Initializing the model by language:


In [6]:
model = Model(lang="en-us")

Open downloaded file in 'read bytes' mode as wave object:

In [7]:
wf = wave.open('/content/command_1.wav', 'rb')

The KaldiRecognizer class contains the configuration methods needed here, such as SetWords, SetPartialWords, AcceptWaveform, and others.

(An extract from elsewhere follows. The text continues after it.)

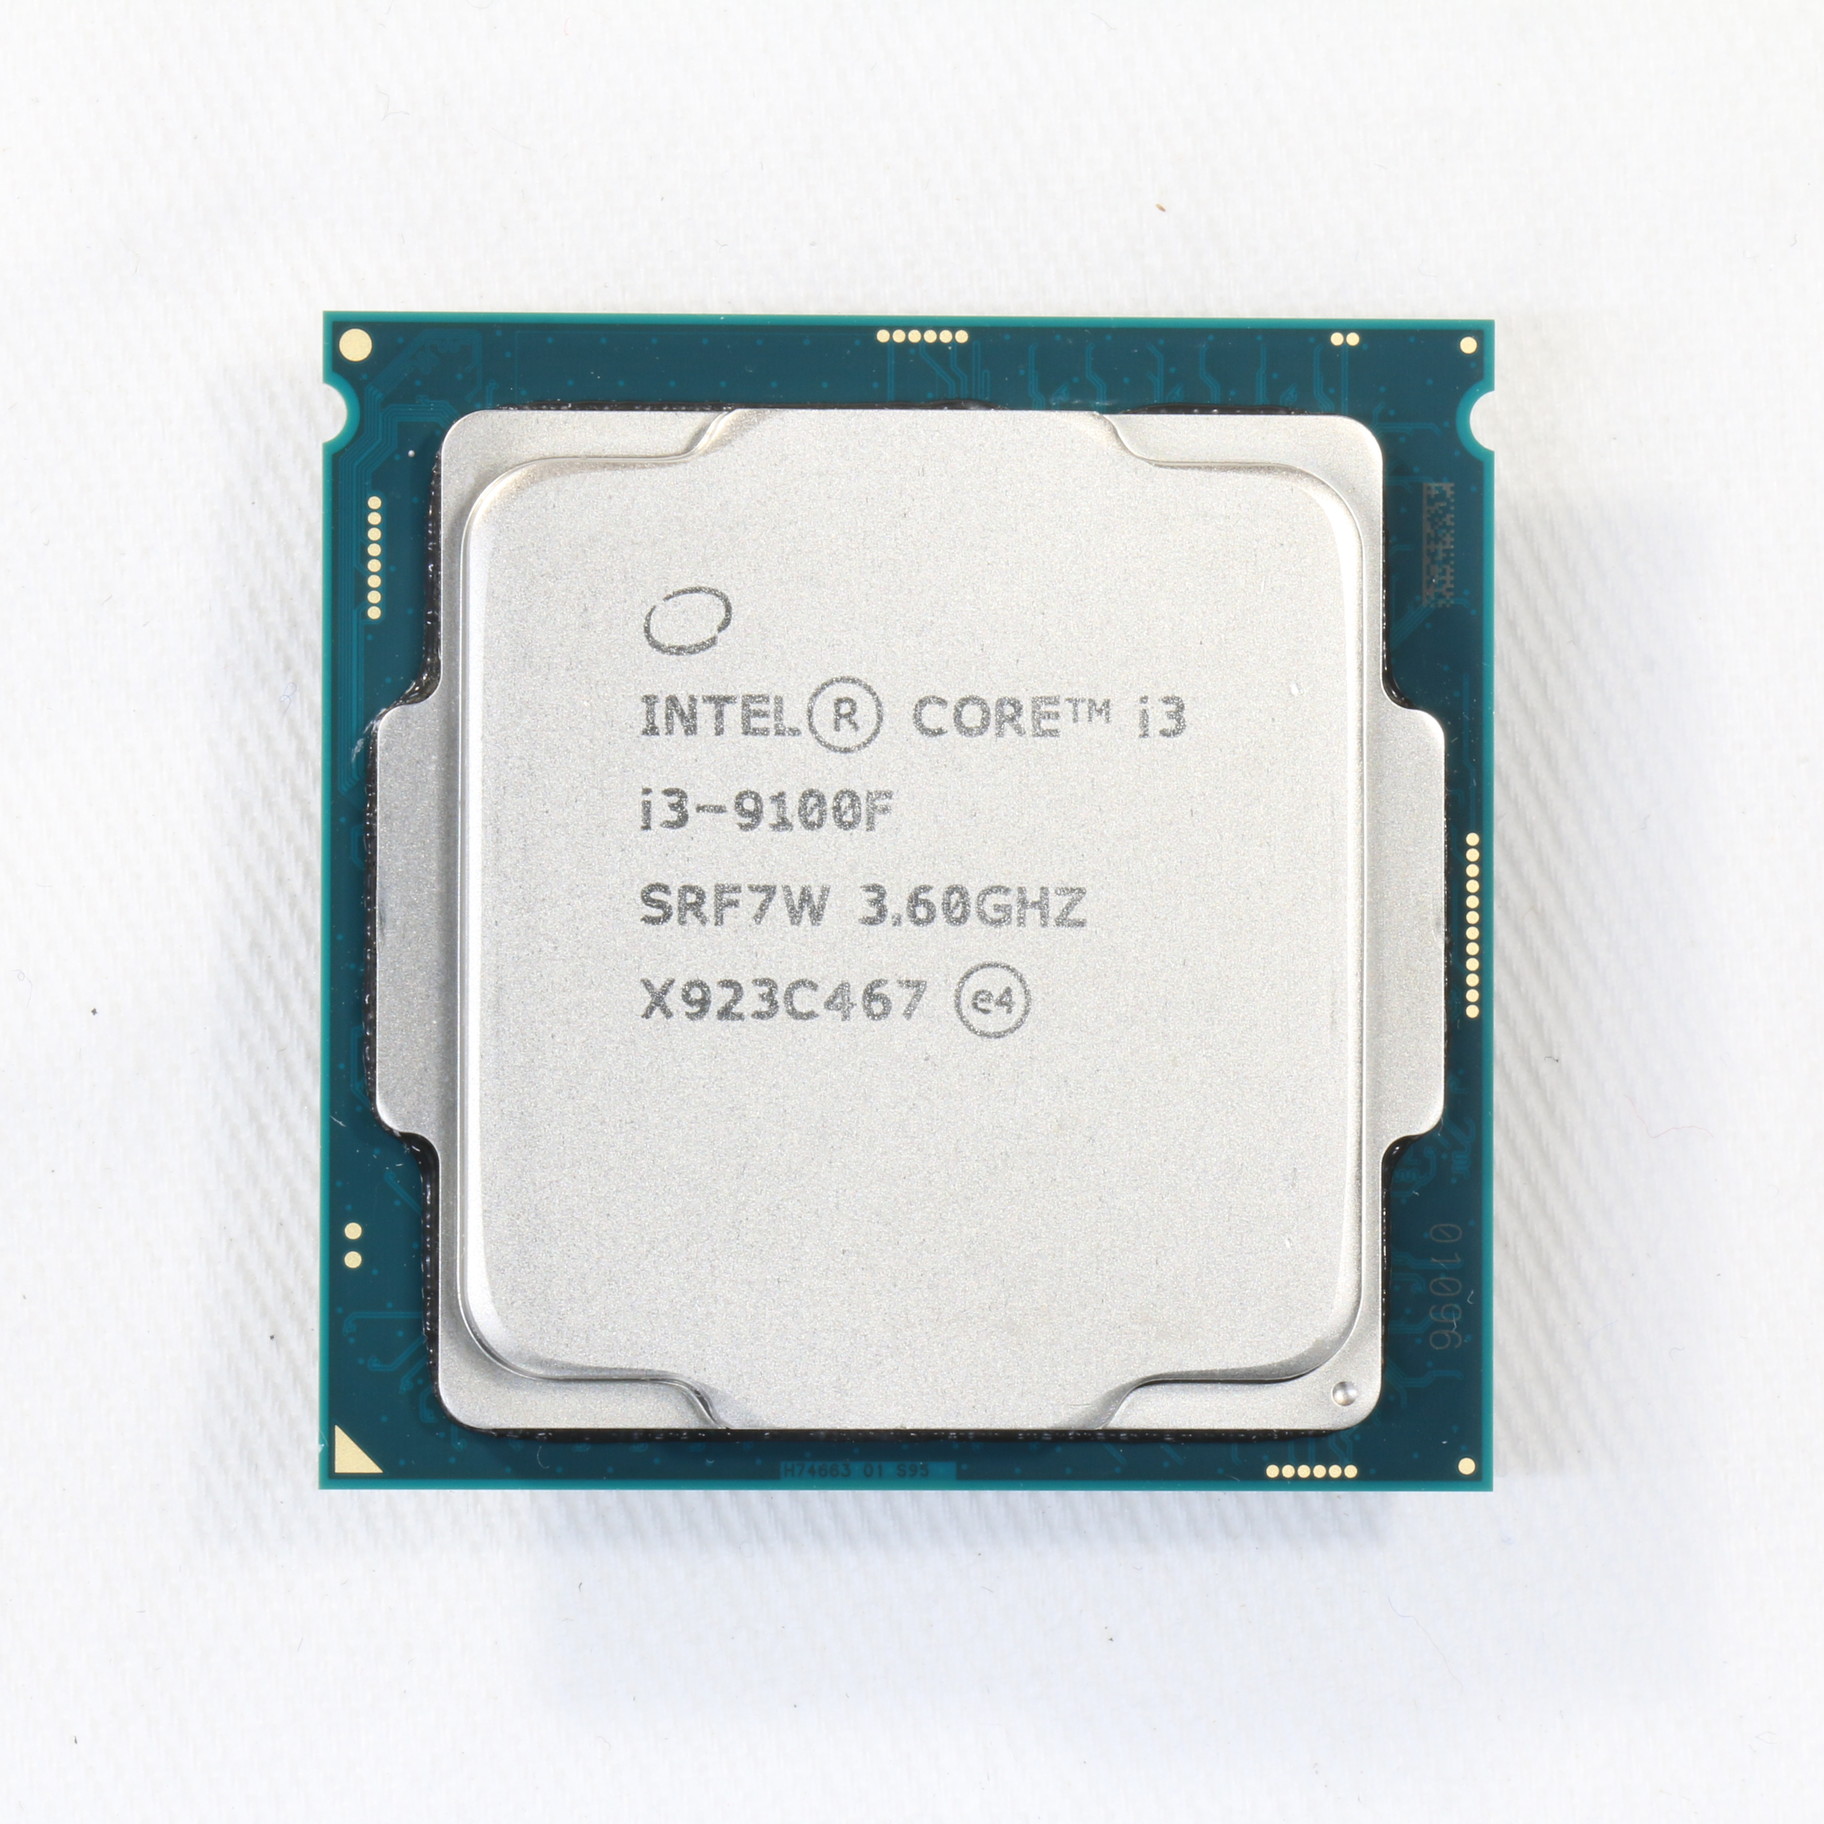 INTEL インテル core i3-9100f CPU 4コア

The model object is the first parameter for KaldiRecognizer. The second parameter passed to KaldiRecognizer is the sample rate, which can be passed directly as a number like 8000 or 16000 Hz, which will be demonstrated below or using getframerate method shown in the following code fragment.

Creating a KaldiRecognizer object with model and sample rate arguments:

In [8]:
rec = KaldiRecognizer(model, wf.getframerate())

The previous commands are the same for the most of examples, but the following are different.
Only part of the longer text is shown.